WORK REQUEST :: Retype each line of the material below word for word; pictures stay out.

GIVEN DATA ::
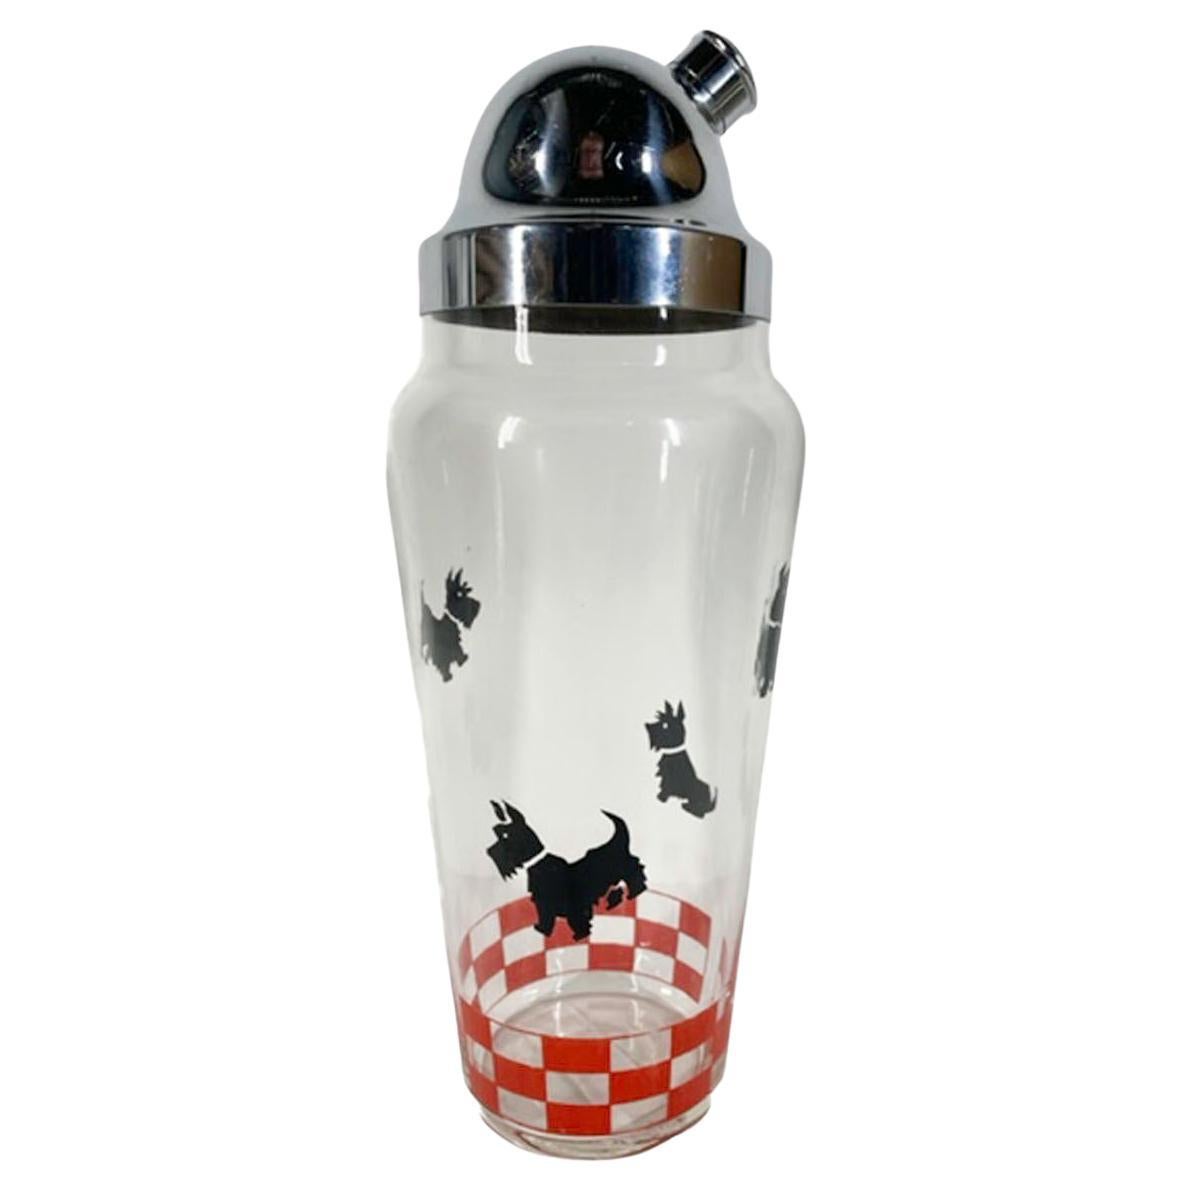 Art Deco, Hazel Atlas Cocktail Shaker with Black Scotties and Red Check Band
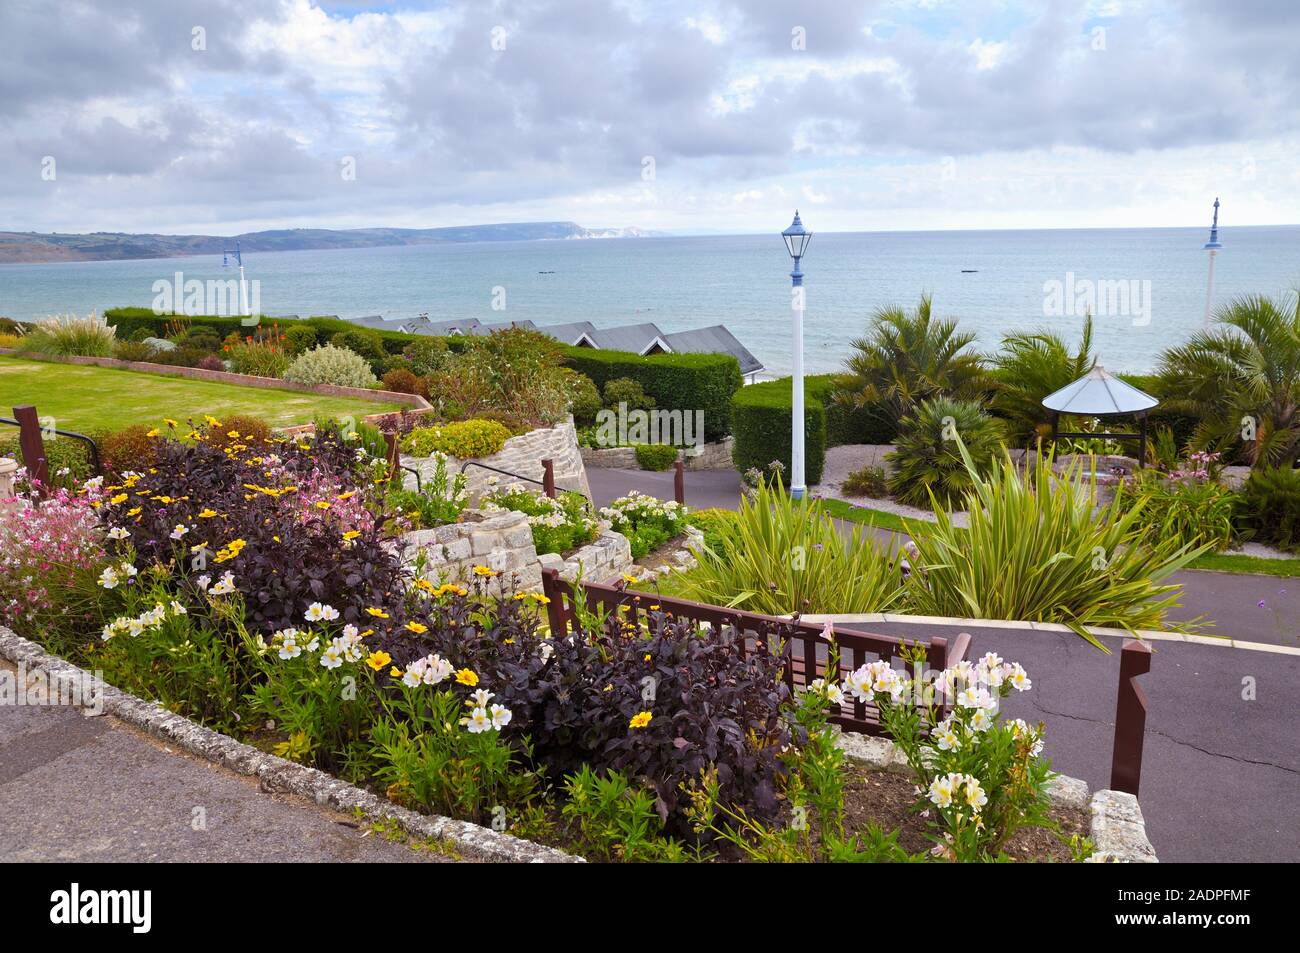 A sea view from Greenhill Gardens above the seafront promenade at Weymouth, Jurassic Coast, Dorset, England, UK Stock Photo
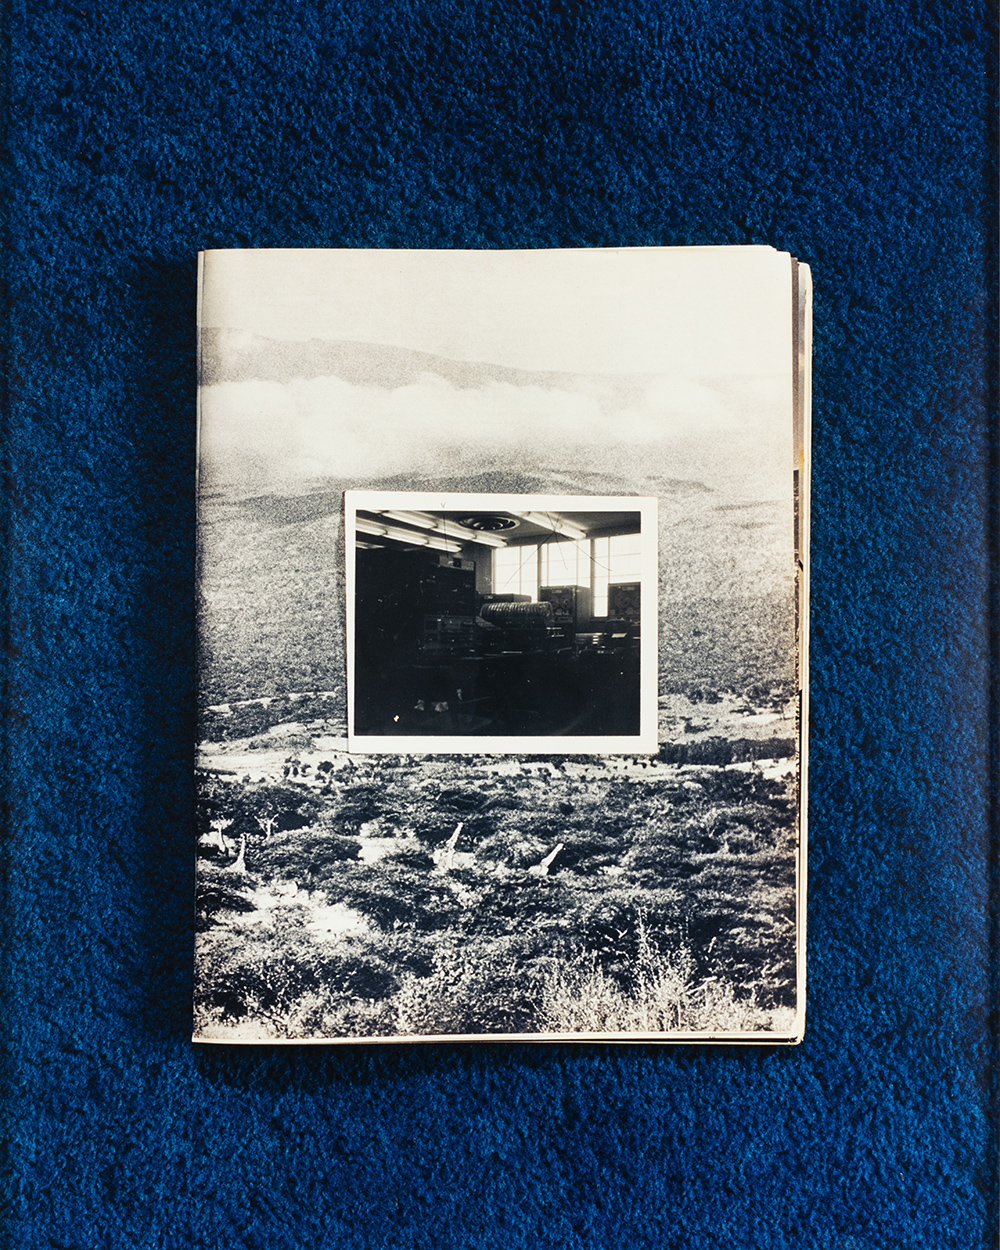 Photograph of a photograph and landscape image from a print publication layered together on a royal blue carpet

RESPONSE AREA ::
 Art Deco, Hazel Atlas Cocktail Shaker with Black Scotties and Red Check Band
 A sea view from Greenhill Gardens above the seafront promenade at Weymouth, Jurassic Coast, Dorset, England, UK Stock Photo
 Photograph of a photograph and landscape image from a print publication layered together on a royal blue carpet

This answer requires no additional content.